● What the exercise asks
Write the data out again exactly, dropping any images it holds.

● The data

- Opening Delimiter -

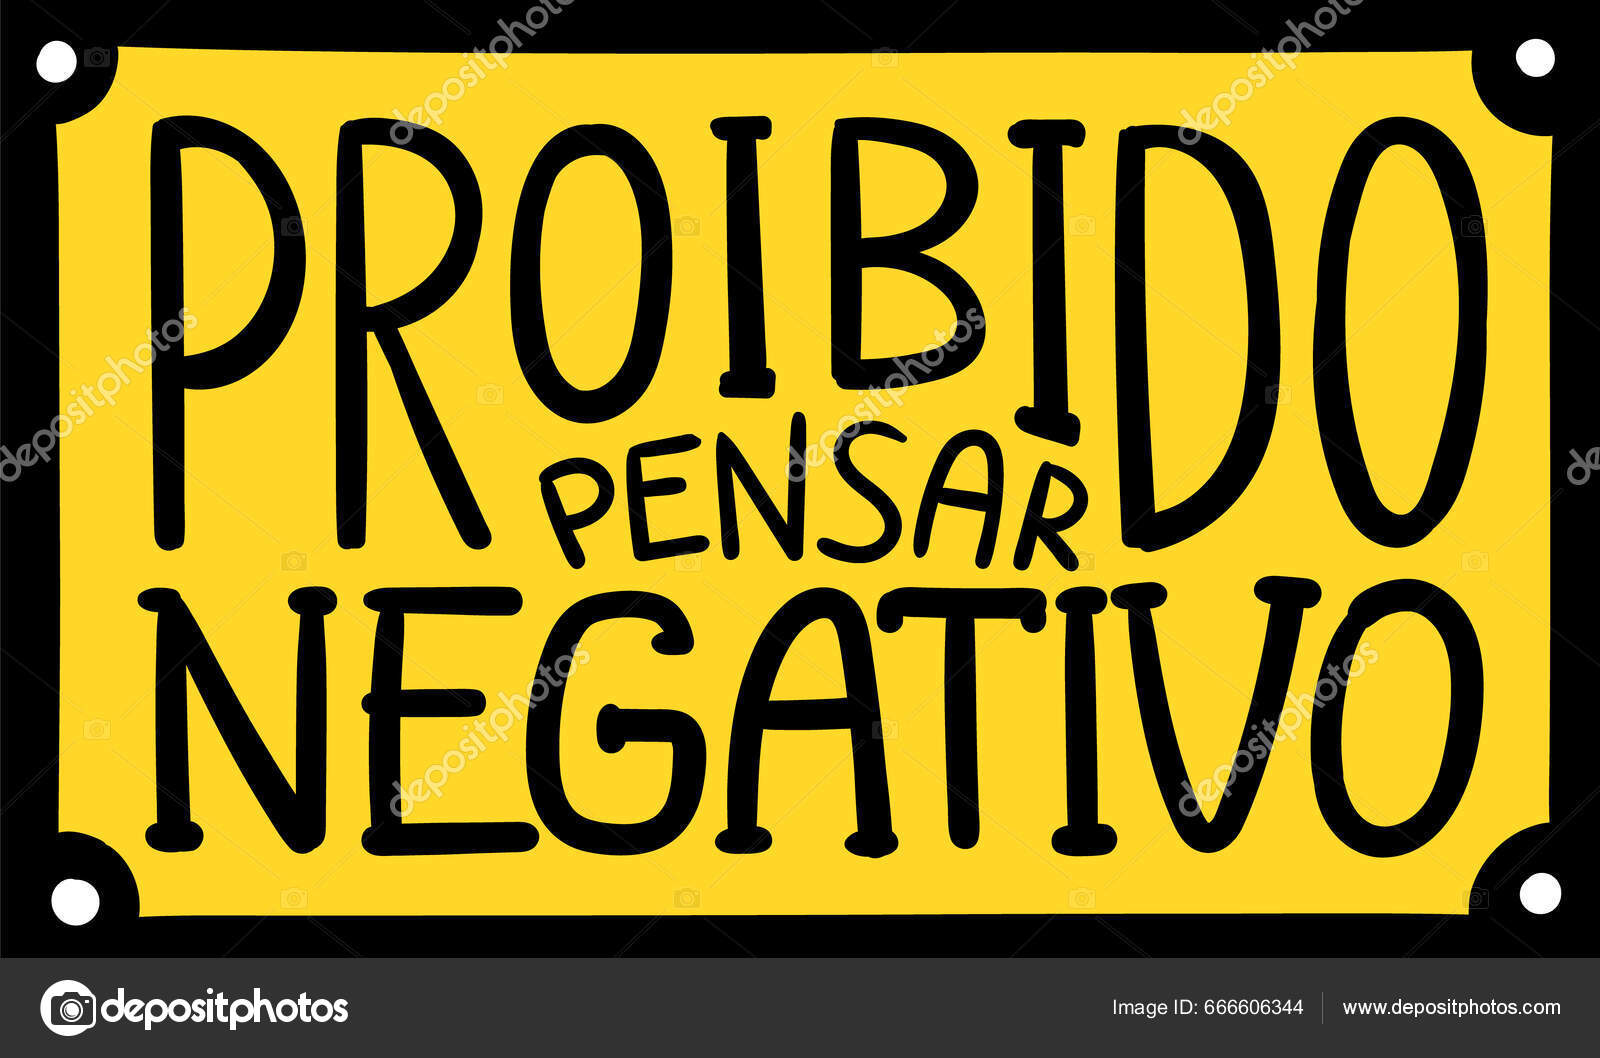 Cartaz colorido distorcido em português brasileiro tradução nunca
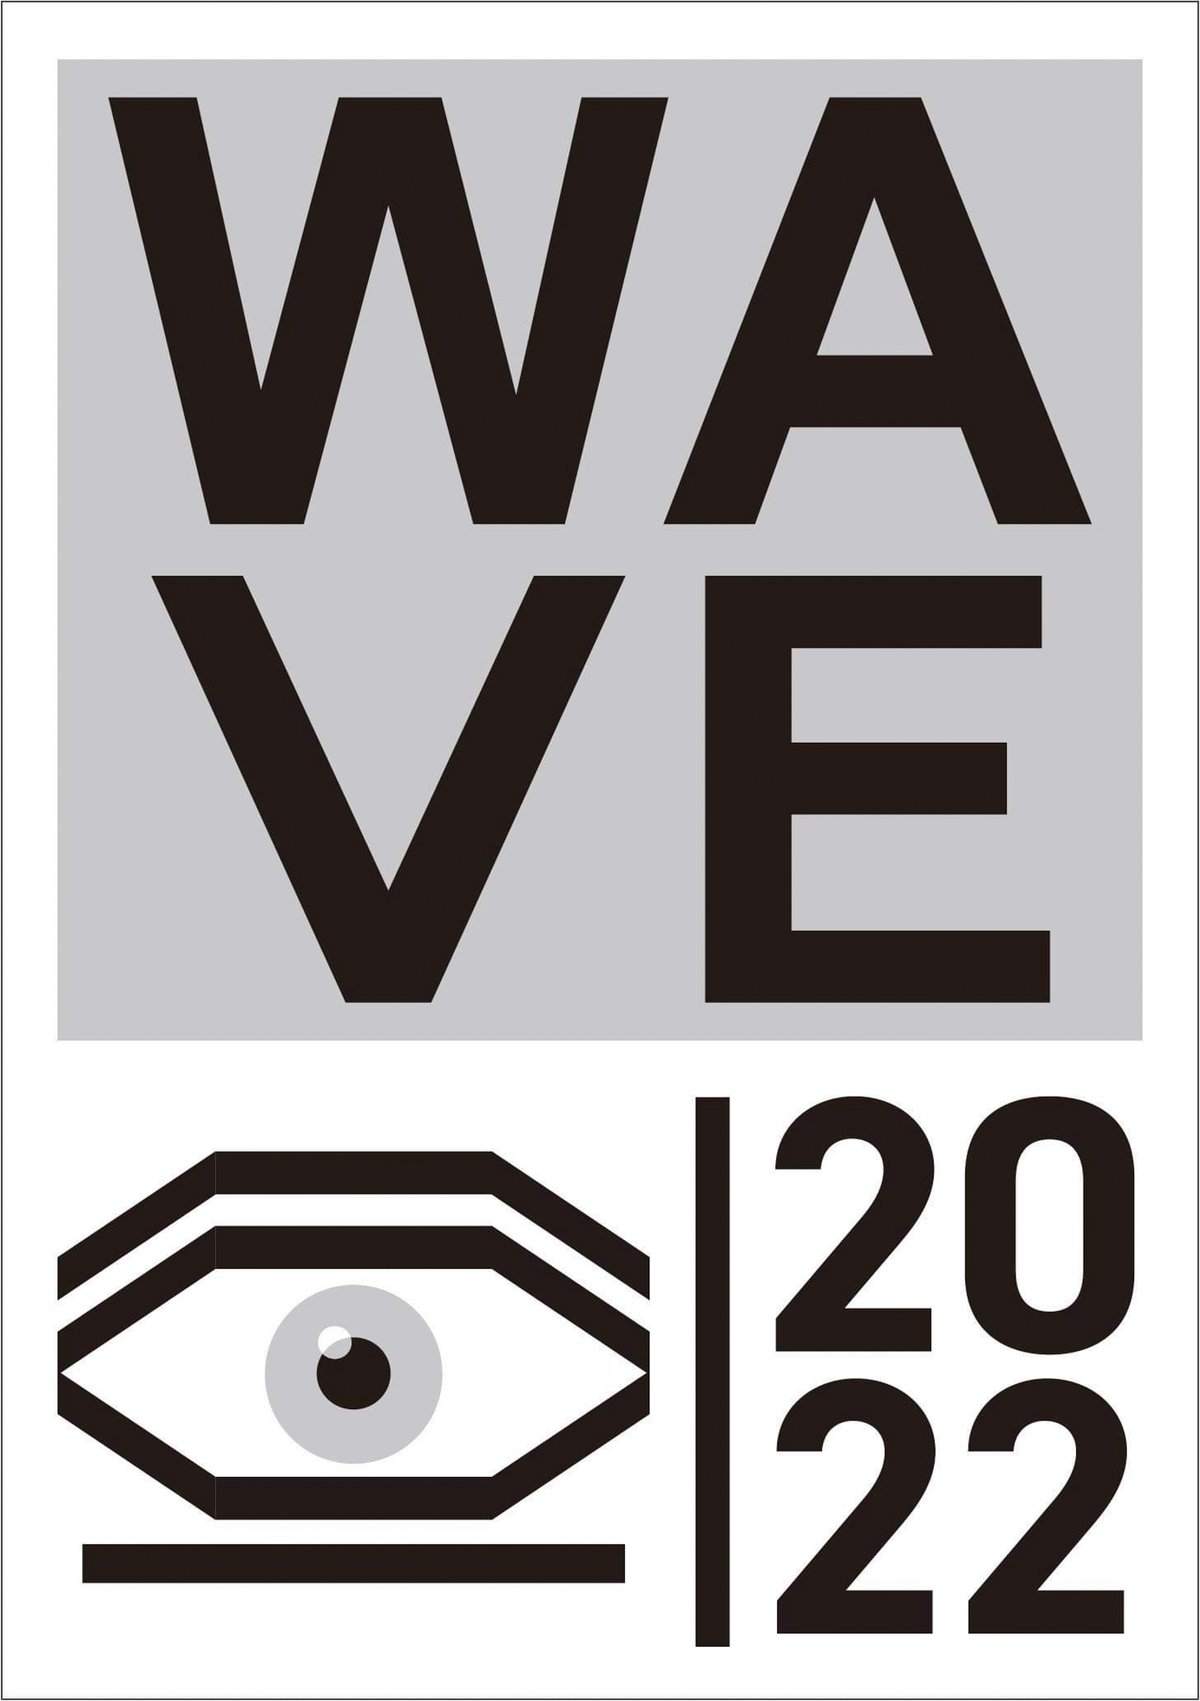  アート展「WAVE 2022」のメインヴィジュアル
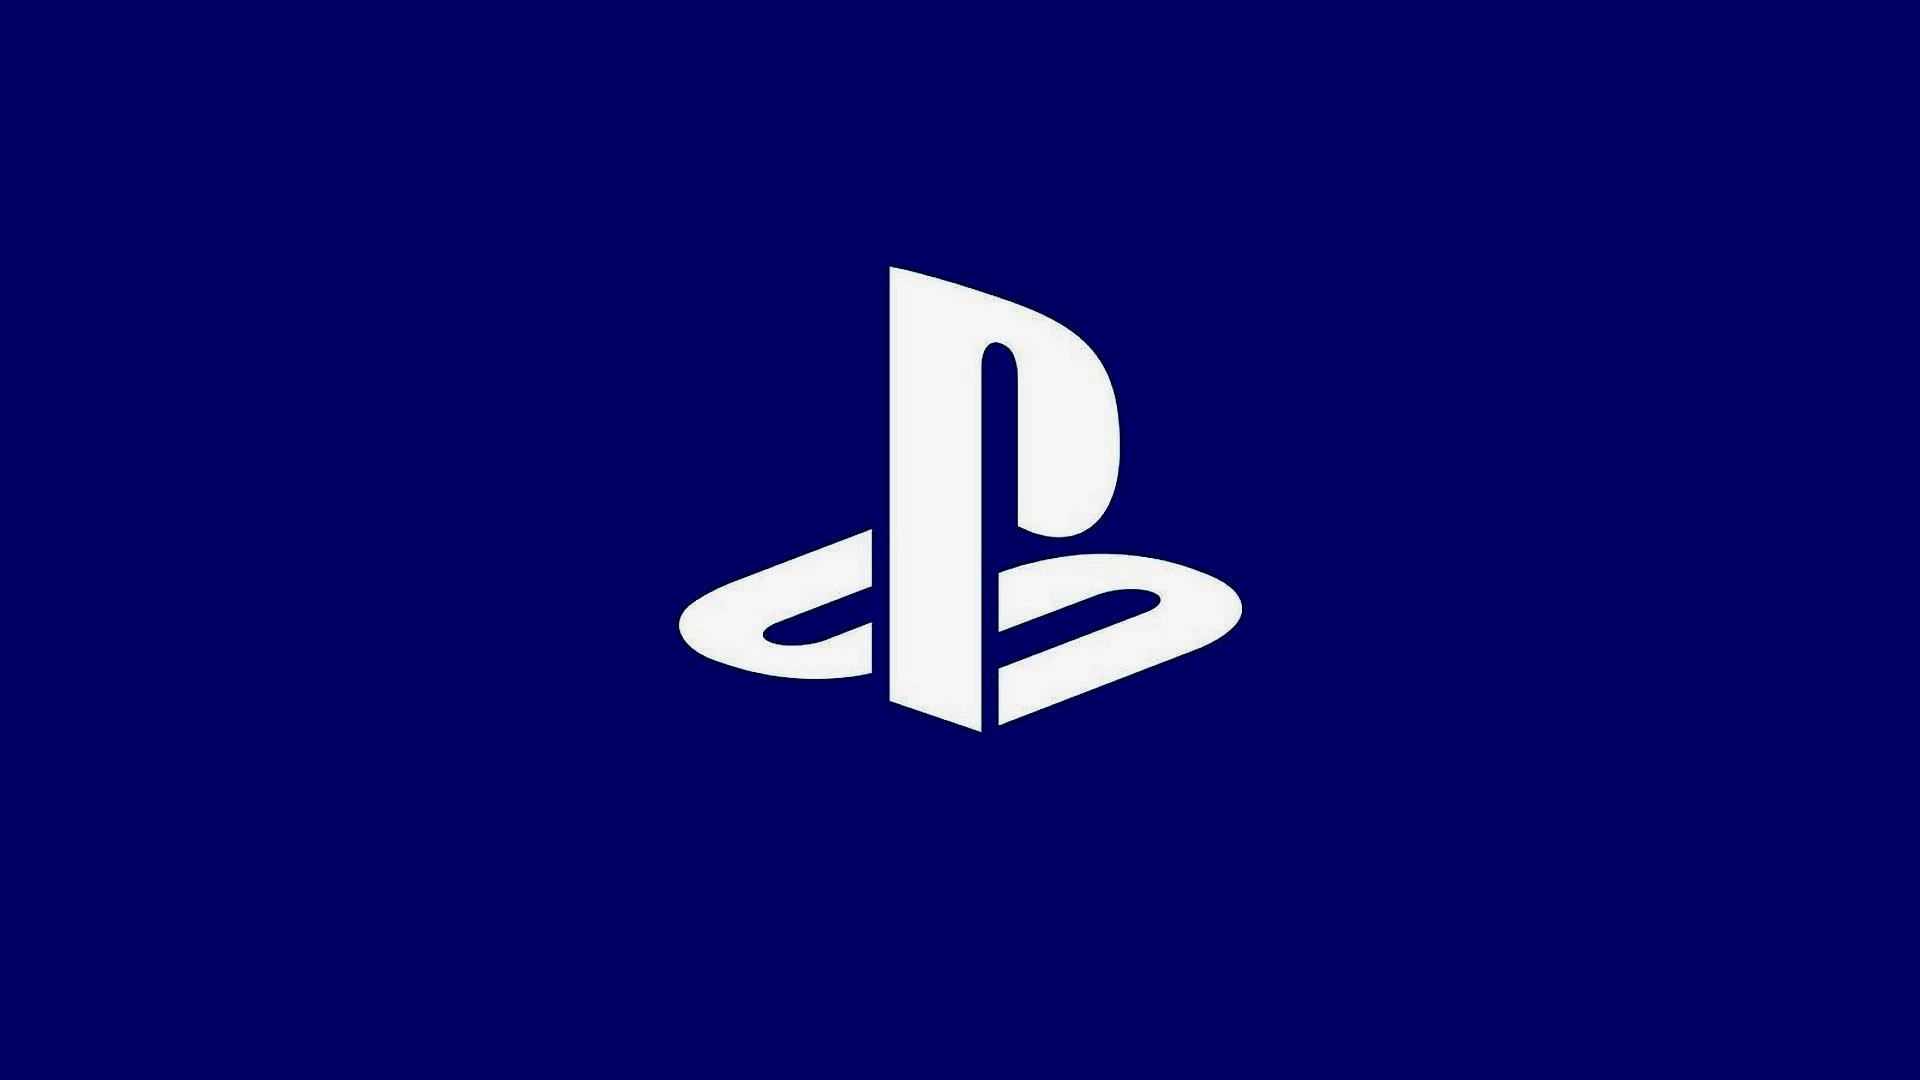 Logoya Playstation

- Closing Delimiter -

● Solution
 Cartaz colorido distorcido em português brasileiro tradução nunca
  アート展「WAVE 2022」のメインヴィジュアル
 Logoya Playstation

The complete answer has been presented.